After unsuccessful professional football attempts at Ghana club Asante Kotoko and Vietnam, Uganda Cranes and KCCA leftback Joseph Ochaya has reported signed a multi-million deal in Zambia.
Ochaya who had hoped to earn a move to Europe riding on the back of starring for Uganda the 2017 African Cup of Nations finals in Gabon, a few days ago completed a Shs432m move from league holders KCCA to Zambian Premier League side Lusaka Dynamos.
With a personal sign-on fee of $50000 (Shs160m), expected to earn a reported $7000 (Shs25m) a month, it will be Ochaya knows the game has evolved in many ways today and money runs the beautiful game and age is nit on his side as well.
If it is not for the paycheque, Ochaya and his people cannot possibly argue that recently demoted and reinstated Lusaka is more competitive than KCCA that is playing in the African Champions League.

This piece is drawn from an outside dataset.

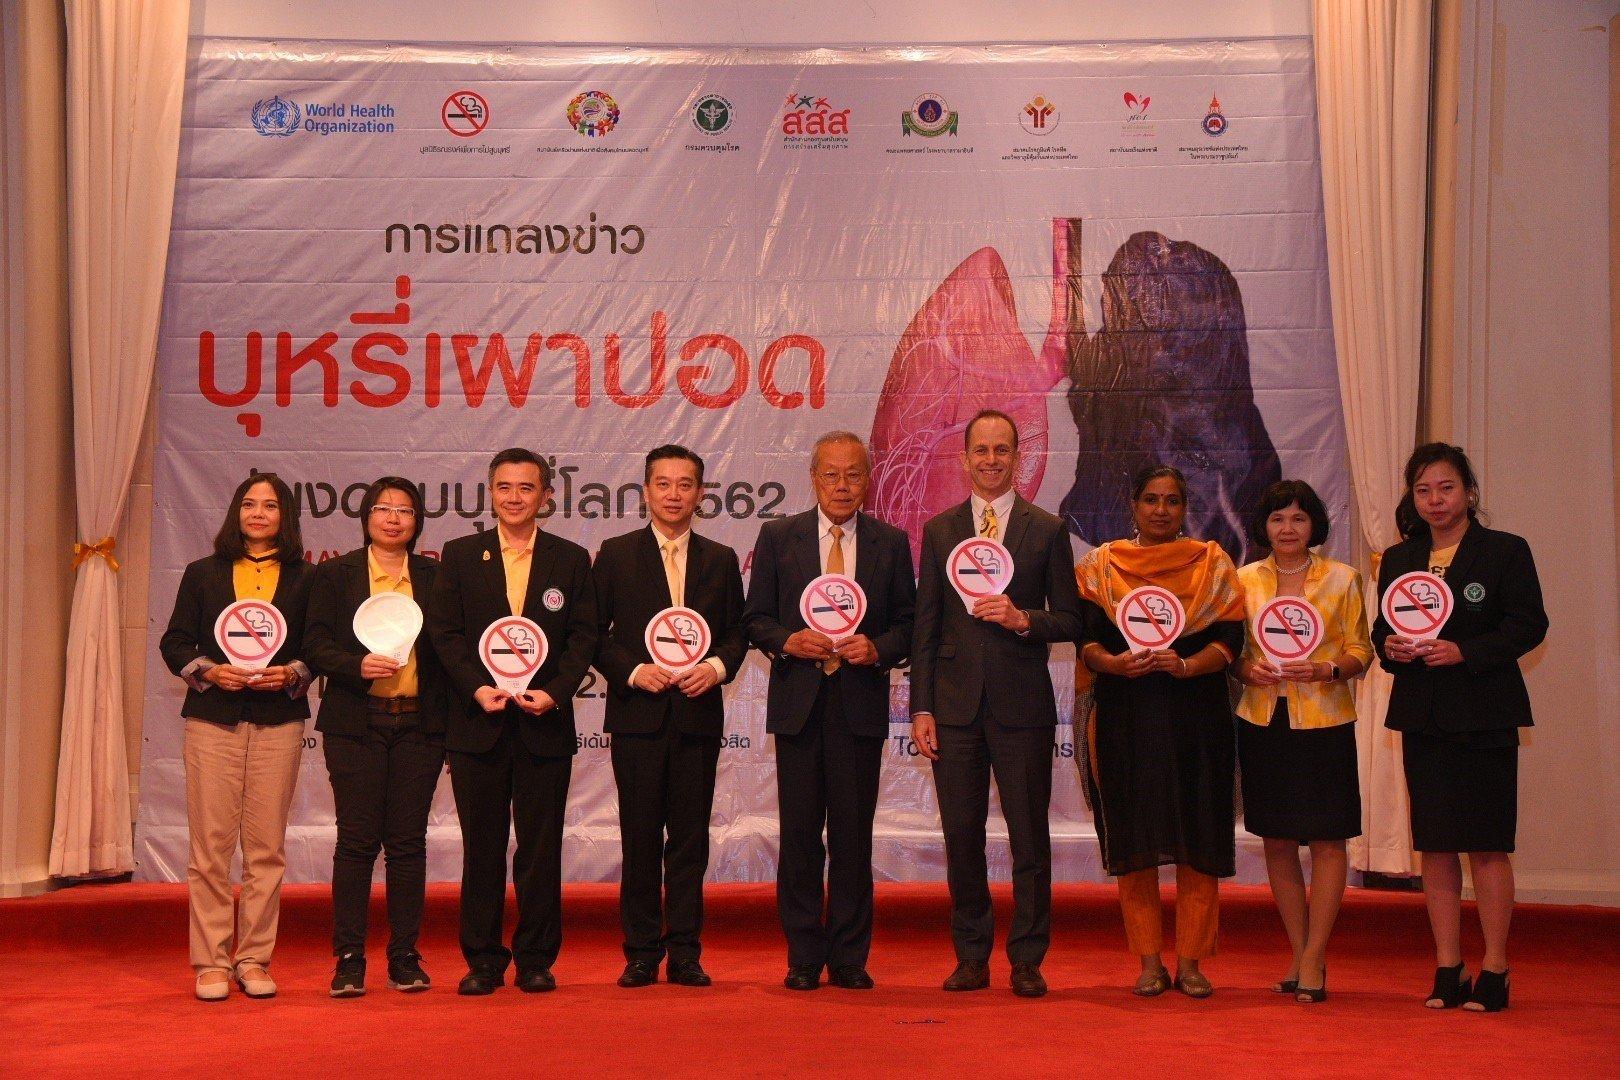 สูบบุหรี่ เท่ากับเผาปอดตั้งแต่ทางเดินหายใจจนถึงถุงลม thaihealth

Playing his final game for KCCA on Saturday against Mamelodi Sundowns in the CAF Champions League, former local league MVP Ochaya, an increasingly peripheral figure in Ugandan football, however much his impending transfer to Zambia is dressed up, it is difficult not to think it deeply unsatisfying to see someone of his age abandoning any real sense of ambition and, without wishing to be too cruel, a certain amount of respectability. In mid 20s, he is approaching what should be the greatest years of his career, even if it seems apparent they will not be with KCCA or in Europe. He is also somehow rich already, most struggling footballers would assume, after being on Ghanaian and Vietnamese payrolls, and surely talented enough to attract potential buyers from top leagues in North Africa and Eastern Europe. Good luck to him, I suppose, but however many noughts are added to his salary, I do wonder how much job satisfaction there can be for a footballer with his gifts at a level several rungs down.
One would say that being a footballer in Uganda, Ochaya and his agent/manager are worried he would be skidding towards the end of a rapidly decelerating career and the truth is he has five or six years away from the point where he might be thinking about one last payday.
If that sounds slightly harsh, the reality is we are probably just going to have to get used to players heading that way, judging by the mind-boggling amounts on offer, and presumably it won’t be too long before the footballer gets a switch to the South African Premier League (Bidvest Wits 2016 transfer was a bluff) and the Zambian league is near to them and on SuperSport TV.
All the same, a footballer’s life has a short lifespan has Ochaya has to look after his family when he still can.